Wednesday, November 16, 2016

NFL Games Are Taking Too Long – Here Are Eight Ways to Speed Things Up

Regular-season NFL games don’t get much more entertaining than the Dallas Cowboys’ 35-30 victory over the Pittsburgh Steelers on Sunday. There were seven lead changes, four in the last eight minutes. The Cowboys scored the winning touchdown with nine seconds remaining.

But now for the flip side: because there were 13 scoring plays, the game took 3 hours, 18 minutes to complete on the Fox network. More than three hours of that time were consumed by replays, analysis, Erin Andrews’ sideline reports and, yes, roughly 110 commercials.

The Guardian kept a stopwatch on Sunday’s game to deduct that the actual athletic competition – including kickoffs that resulted in touchbacks and plays negated by penalties – consumed almost exactly 15 minutes, or one-quarter of the 60 minutes on the game clock.

The action was terrific, with rookie Dallas quarterback Dak Prescott throwing touchdown passes of 83 and 50 yards. Pittsburgh quarterback Ben Roethlisberger was not to be outdone, faking a clock-stopping spike, then flinging a go-ahead touchdown pass with 42 seconds left.

Still, there were 30 commercial interruptions during the broadcast, with many commercials coming in “pods,” which the league calls those 2min, 20sec clusters of five or six ads that detractors say kill any sort of flow. Fans may feel like they’re enduring a game. (...)

Here, then, are eight ways to tighten the stretches of non-action:

1) Faster and fewer video reviews. Late in the first half on Sunday, an apparent 23-yard Pittsburgh pass play was reversed after a review dragged on for more than three minutes. But Troy Aikman, the ex-quarterback turned Fox commentator, had already said: “That looks pretty easy for me to determine it’s incomplete.” A replay official in the booth or even at NFL headquarters could have easily been used to make that call quicker.
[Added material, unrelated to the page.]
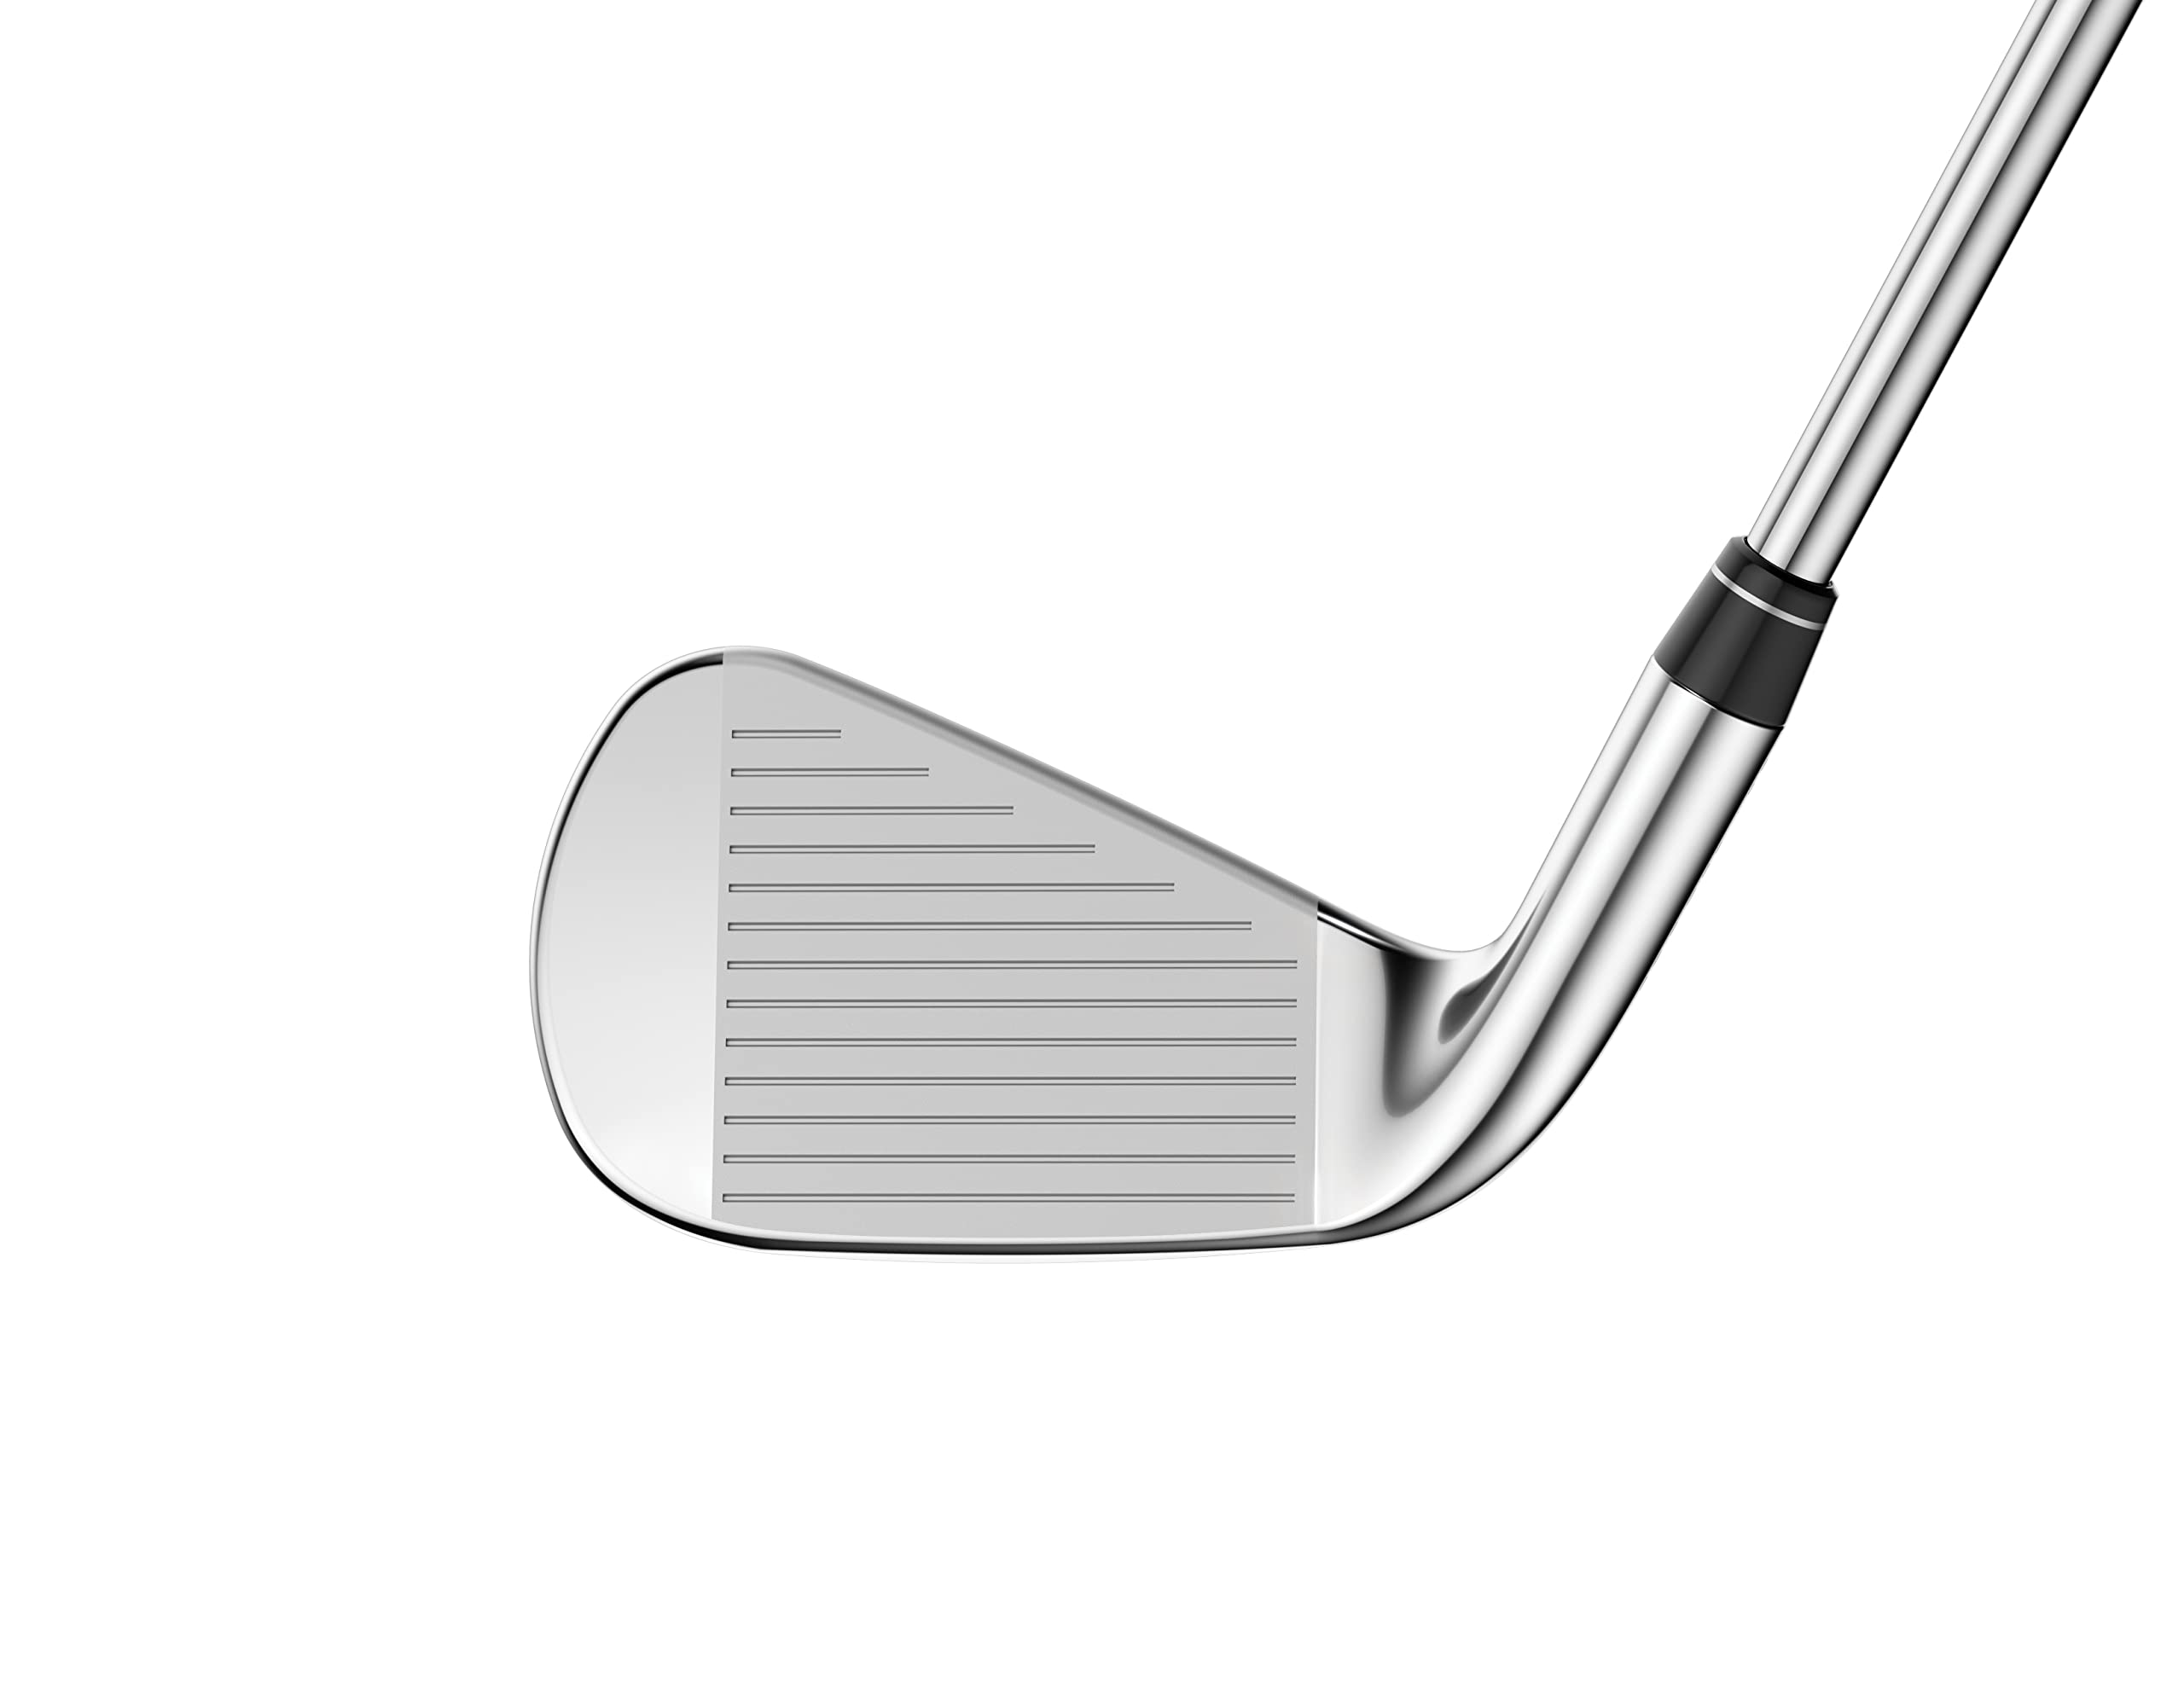 Callaway Golf 2023 Paradym Iron Set

2) Shave time between plays. The NFL mandates a maximum of 40 seconds between the end of a play and the snap of the ball for the next play. Sunday’s Cowboys-Steelers game included 125 official plays from scrimmage and seven punts, so even reducing the between-play limit to 35 seconds might have reduced the time of that game up to 12 minutes.

3) Running the clock earlier after incomplete passes. This would be a radical adjustment, but stopping the clock on incomplete passes until the next snap makes no sense any more, since the NFL has plenty of footballs, and no one has to chase down a loose ball to resume play. So how about running the clock after spotting the ball at the line of scrimmage?

This would alter the strategy of a losing quarterback spiking the ball late in the game to kill the clock, of course, but incomplete passes chew up a surprising amount of real time.

4) No more two-minute warnings. The two-minute warning was said to be devised as a way for the scoreboard operator to sync time with the on-field official who kept time, but the scoreboard has been official for nearly 50 years, and the two-minute warning was kept as a break for commercials. College football somehow survives without them, and its games are even longer.

5) Eliminate the chain gang. NFL officials have said they don’t want to do this because it is such a traditional part of the game, but the technology now exists to use some form of laser beams for quicker and more accurate measurements – and remove the need to stop the clock until the chain gang can hustle up to the new line of scrimmage after a long play.